The top performers in reliability have achieved the same with a reliability culture. Everyone in the organisation understands their role and impact on reliability, and the enormous financial and business advantage gained through performing in the top quartile. They understand the value of integration between departments (operations, maintenance, finance, IT, materials management etc) and the benefits of a coordinated focus on reliability performance. In these top performers, the days are gone when reliability was considered the sole responsibility of the maintenance manager.
The path to this culture requires investments in people. Top-performing companies ensure that their people understand the bigger picture, see the benefit in changes to work processes, and the introduction of technology that will enhance them, not detract. So how do the top performers do that?

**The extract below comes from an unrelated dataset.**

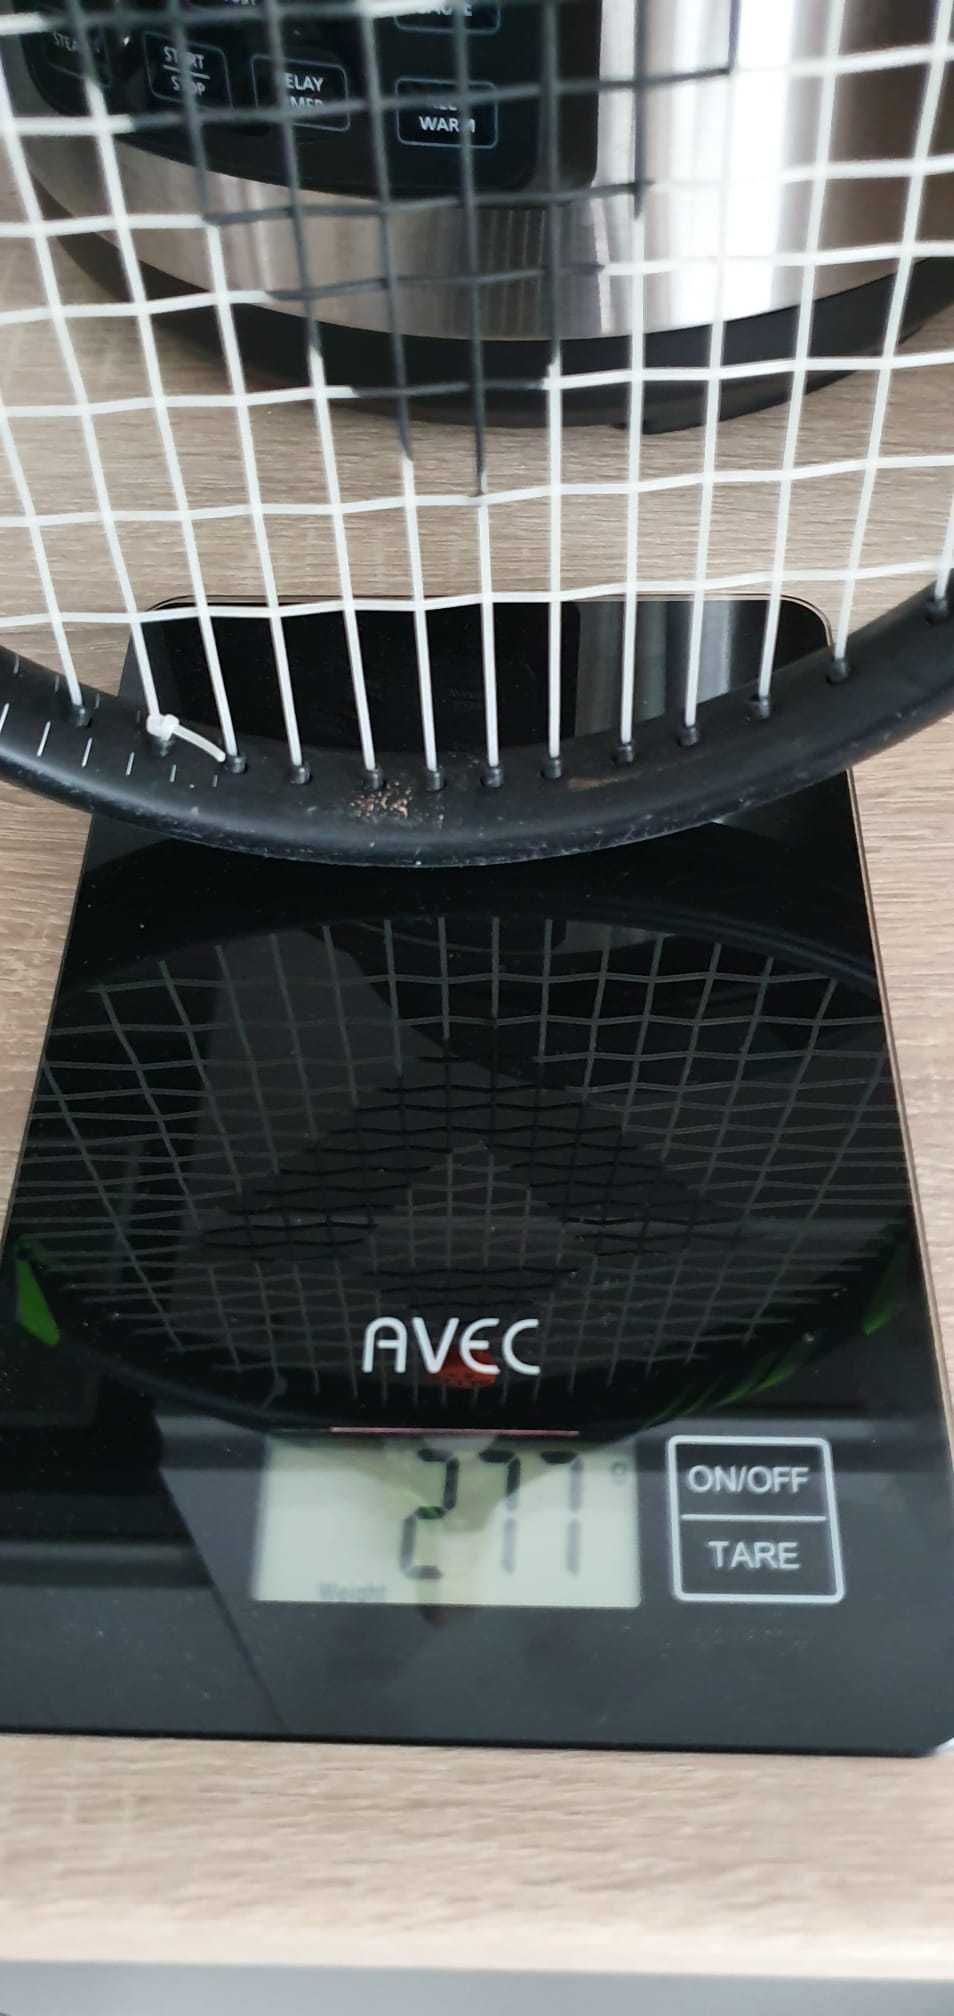 Tecno Pro PS Access MP Graphite Tennis Racket New Overgrip

They build integrated teams. Whoever is leading an initiative, a business plan is unlikely to be successful without cross-functional collaboration. Each organisation brings valuable perspective to business plan development, execution and measurement against business objectives.
They focus and start small. Smaller initial improvement projects address clear business needs in a measurable way, while also providing the opportunity to demonstrate to the organisation what success looks like, and to evaluate broader applications and deployment as they gain expertise.
They transform employees as well as processes. The greatest benefits are realised when worker skills are enhanced and work processes are updated to take advantage of new technology and work practices.
With these considerations top of mind, businesses will be well positioned to get significant returns on their reliability program investments. And with strategic business plans guiding these investments, they will also gain experience and expertise that will drive a broader adoption of new work practices and IIoT technologies for reliability improvements.
Top-performing industrial companies are those that invest in a culture of reliability.